DeSantis, as a politician, is more reserved in his public statements than Rufo, but the two professional culture warriors agree on a great deal. As the Republican supermajority in the Florida Legislature prepares to push a dizzying array of DeSantis-sanctioned projects geared at raising the governor’s national political profile, it will be crucial to follow Rufo’s five-year plan for counter-woke education.
Regarding the classroom, he wants to put a stop to any and all trans-inclusive pedagogical practices, including transgender students’ access to advanced placement courses in African-American history and the use of gender-neutral pronouns by teachers. DeSantis is teaching intolerance in the name of protecting parents’ rights and holding public institutions accountable to local communities.
He is also expected to approve plans to expand the questionable legal stunt he launched last fall of removing undocumented asylum seekers to blue-state jurisdictions and sign a restrictive six-week abortion ban (forcing Floridians into motherhood at a time when many of them likely don’t even know they’re pregnant).
DeSantis is doing all in his power to divide the people as long as they have the potential to cast errant Democratic votes. DeSantis’ 20-point reelection advantage last year can be attributed in part to his aggressive agenda of voter suppression and racial gerrymandering. And now, in a move that would make Brecht blush, he’s trying to pass off the manipulation of voter rolls as a mandate from the people.

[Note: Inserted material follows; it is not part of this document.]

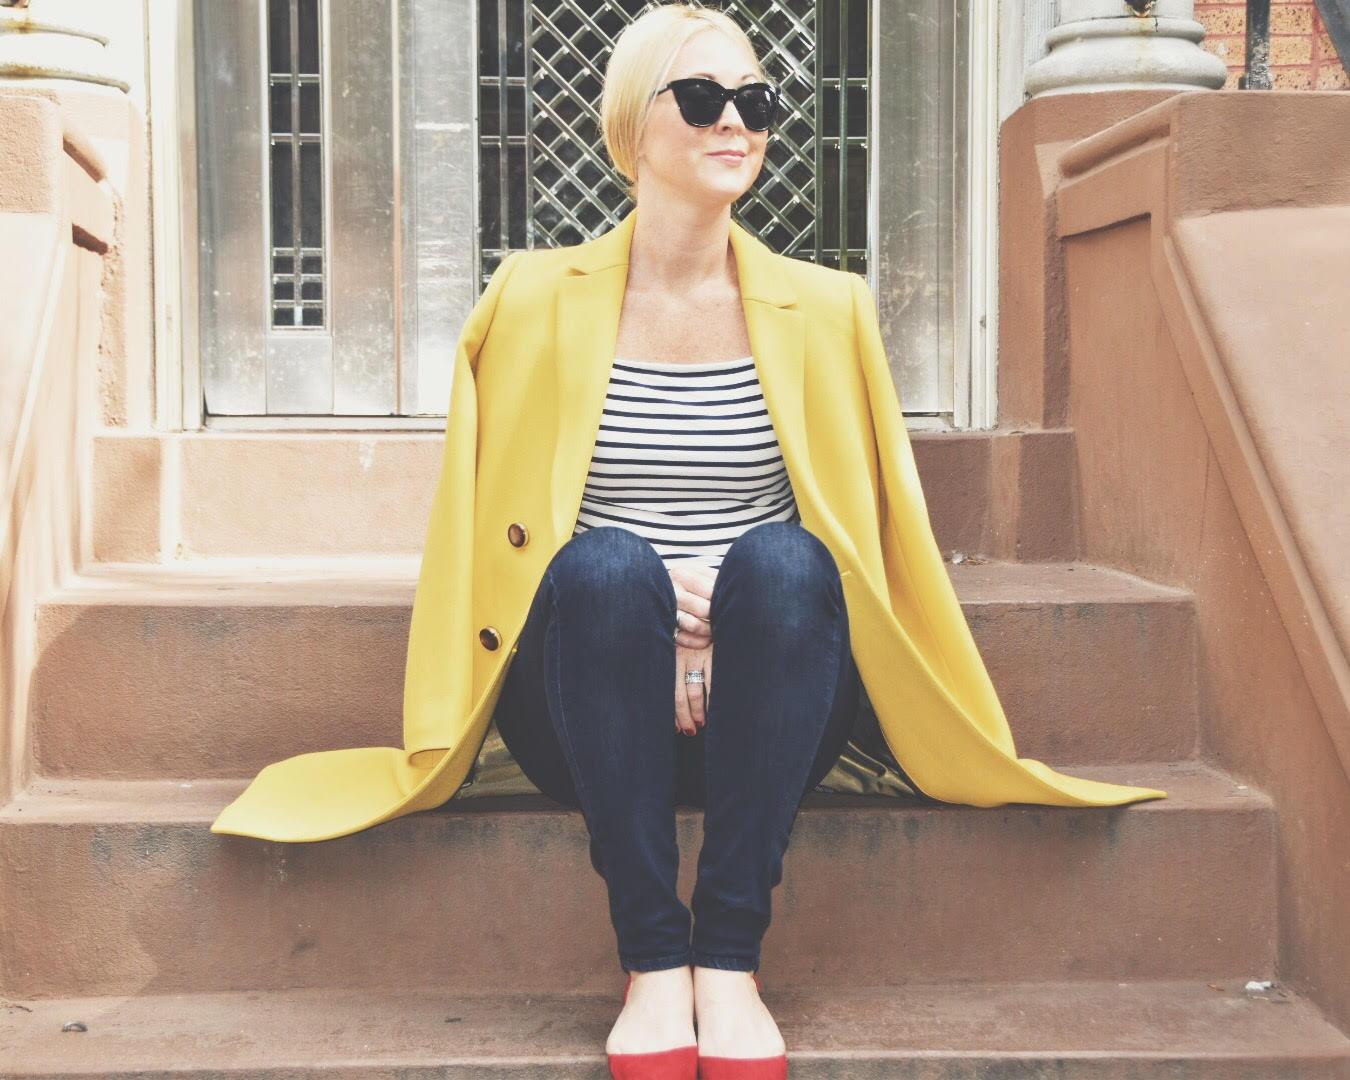 Chondra Sanchez in yellow Lafayette 148 coat on stoop

“November’s election results signal a vindication,” he proclaimed in his March State of the State address. “We have the opportunity and indeed the responsibility to swing for the fences so that we can assure Florida remains number one,” he concluded. Don’t fret over the chitchattering elite. Put aside all the other distractions.
Always make sure you’re pointing north on the compass. We are going to be resilient. We’ll be the ones to keep the line. We are not going to give in. You haven’t seen anything yet, and I guarantee it.
Much of DeSantis’s electoral success in Florida may be attributed to the state’s notably weak Democratic party, which, in an all-too-typical display of myopic centrist strategy, nominated former Republican governor Charlie Crist as DeSantis’s opponent in the 2022 election. The obsessive right-wing onslaught on all things woke may be a non-starter for the national electorate, according to a recent USA Today poll.
56% of people surveyed saw wokeness as a positive commitment to social justice, while 39% called it political correctness gone wild. If national Democrats pay close attention to the lessons from the Florida state party’s failures, they might be able to send DeSantis, Rufo, and company to a well-deserved obscurity, and make “the Florida blueprint” that DeSantis touts in his recent campaign memoir a rapidly disappearing beachfront mirage.